I invite you to leave a comment to let us know how you fared with the puzzle.

Notes on Today's Puzzle

This commentary is intended to serve as a supplement to the review of this puzzle found at Big Dave's Crossword Blog, to which a link is provided in the table above.

Primary indications (definitions) are marked with a solid underline in the clue; subsidiary indications (be they wordplay or other) are marked with a dashed underline in all-in-one (&lit.) clues, semi-all-in-one (semi-&lit.) clues and cryptic definitions. Explicit link words and phrases are enclosed in forward slashes (/link/) and implicit links are shown as double forward slashes (//). Definitions presented in blue text are for terms that appear frequently.


1a   Hard to control // a child, perhaps, after work, hollowed out (7)

5a   David Cameron about to steal from the French? /That's/ a worry (7)

David Cameron[5] is a British Conservative statesman, prime minister since 2010 (2010–15 in coalition with the Liberal Democrats).

"the French" = LE (show explanation )

In French, the masculine singular form of the definite article is le[8].

hide explanation

9a   Loving // a short time hugging soldiers (American) (7)

"soldiers" = OR (show explanation )

In the British armed forces, the term other ranks[5] (abbreviation OR[5]) refers to all those who are not commissioned officers.

hide explanation

10a   Peter out with tough // conservative (7)

11a   Go for a walk /and/ get lost (4,1,4)

This would seem to be the "Tuesday" setter who has a penchant for North American terms.

Take a hike[5] is an informal, chiefly North American expression meaning go away (used as an expression of irritation or annoyance).

12a   Team missing one member, heads of state extremely // agitated (5)

Eleven[5] is the number of players on a cricket[7] side or an Association football[7] [soccer] team — and is often used as a metonym for such a team ⇒ at cricket I played in the first eleven.

13a   Horrible about good, // slow piece of music (5)

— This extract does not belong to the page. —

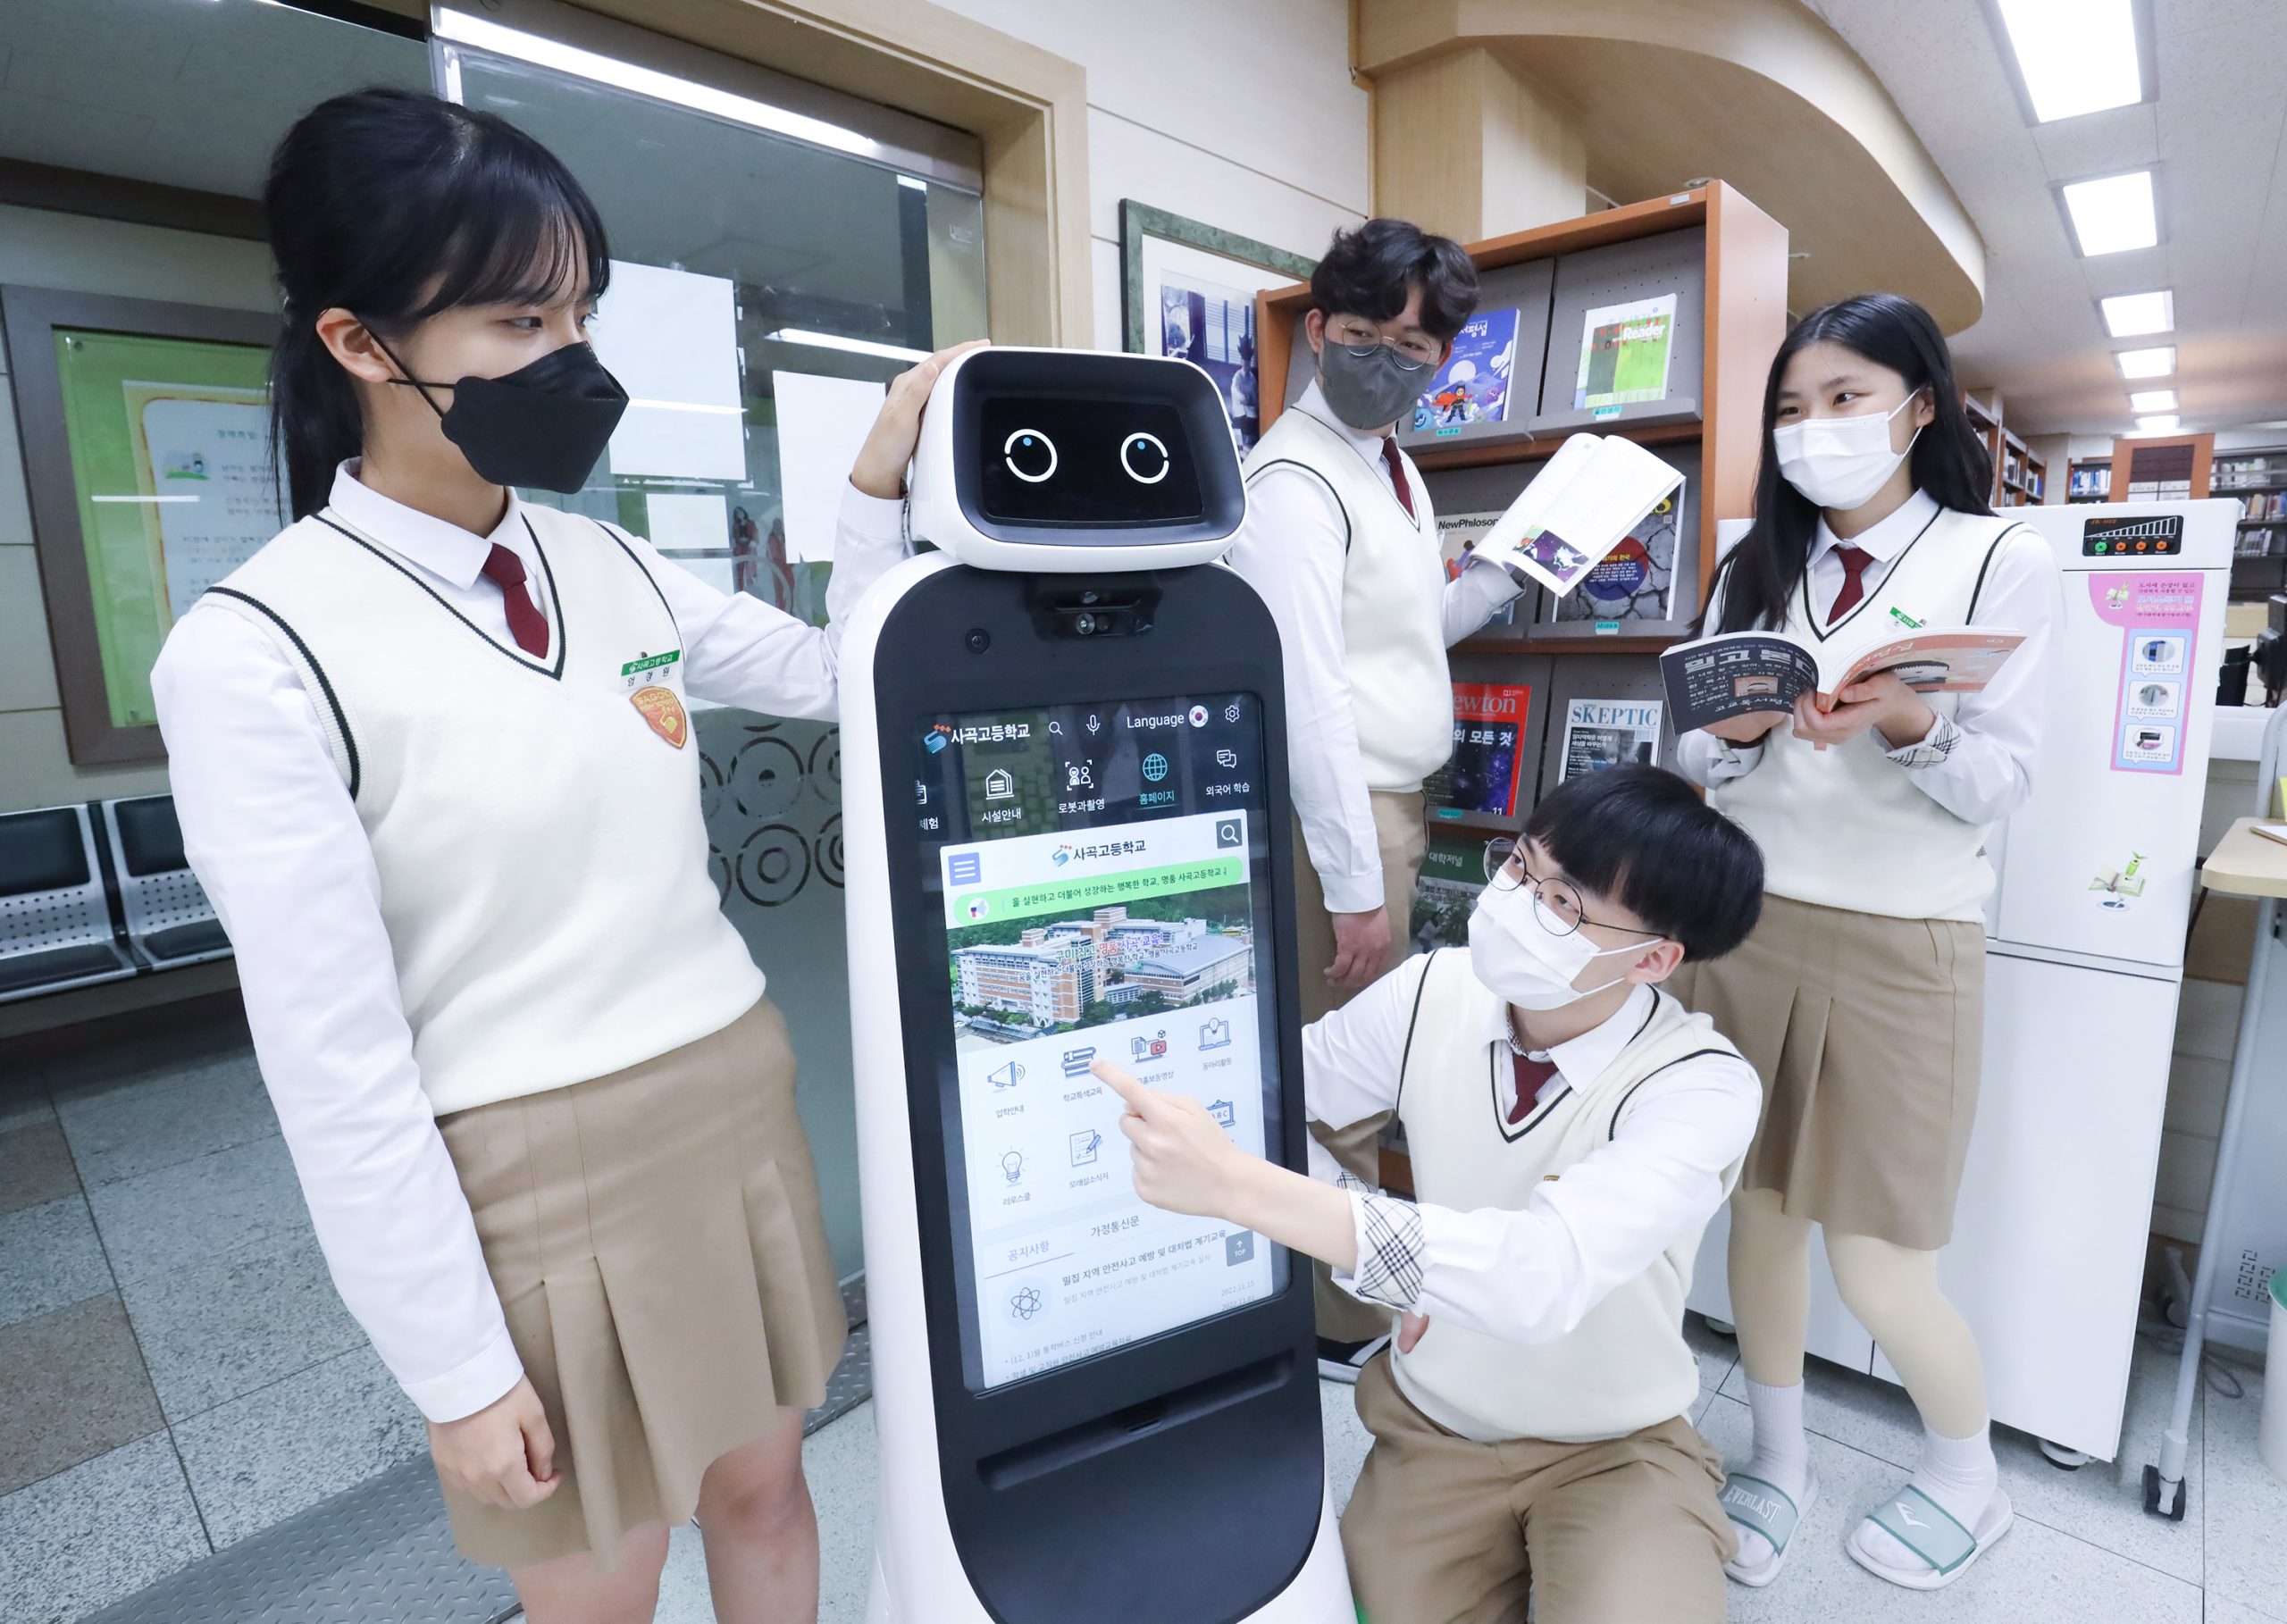 LG전자가 초∙중∙고등학교에 학생들의 디지털 교육을 위해 LG 클로이 가이드봇을 공급한다. 경북 구미시 사곡고등학교에서 학생들이 LG 클로이 가이드봇을 체험하고 있다.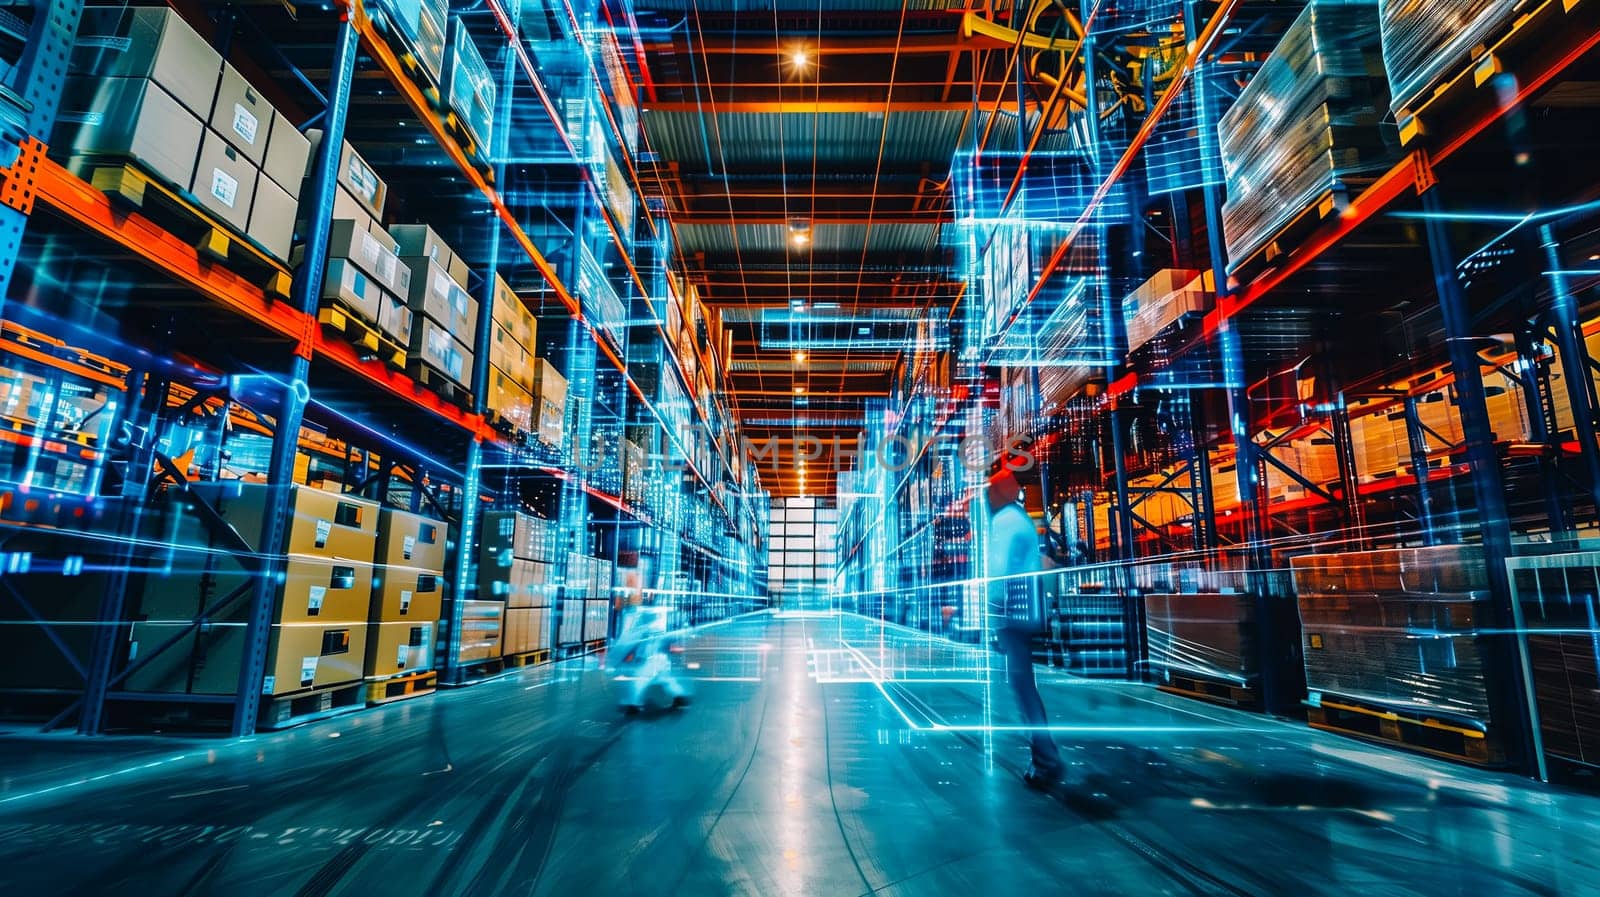 Futuristic Technology Retail Warehouse. by sarymsakov

"good" = G (show explanation )

The abbreviation G[10] for good likely relates to its use in grading school assignments or tests.

hide explanation

15a   Bar's grime -- possibly // an ash-grey, strong-scented substance (9)

Ambergris[5] is a wax-like substance that originates as a secretion in the intestines of the sperm whale, found floating in tropical seas and used in perfume manufacture. The word comes from Old French ambre gris 'grey amber', as distinct from amber jaune 'yellow amber' (the resin).

17a   Suppress urge /for/ food (6,3)

Scotch egg[5] is a British term for a hard-boiled egg enclosed in sausage meat, rolled in breadcrumbs, and fried.

19a   Shrew, rat, hamster coming together /in/ anger (5)

22a   Praise // former lover returning fortune (5)

23a   Journalists and friends, maybe // they try to get you on board (5,4)

Historically, a press gang[5] was a body of men employed to enlist men forcibly into service in the army or navy.

25a   Teach about the Queen/'s/ country (7)

"the Queen" = ER (show explanation )

The regnal ciphers (monograms) of British monarchs are initials formed from the Latin version of their first name followed by either Rex or Regina (Latin for king or queen, respectively). Thus, the regnal cipher of Queen Elizabeth is ER[5] — from the Latin Elizabetha Regina.

hide explanation

26a   Catch-22 // novel after cover's turned over (7)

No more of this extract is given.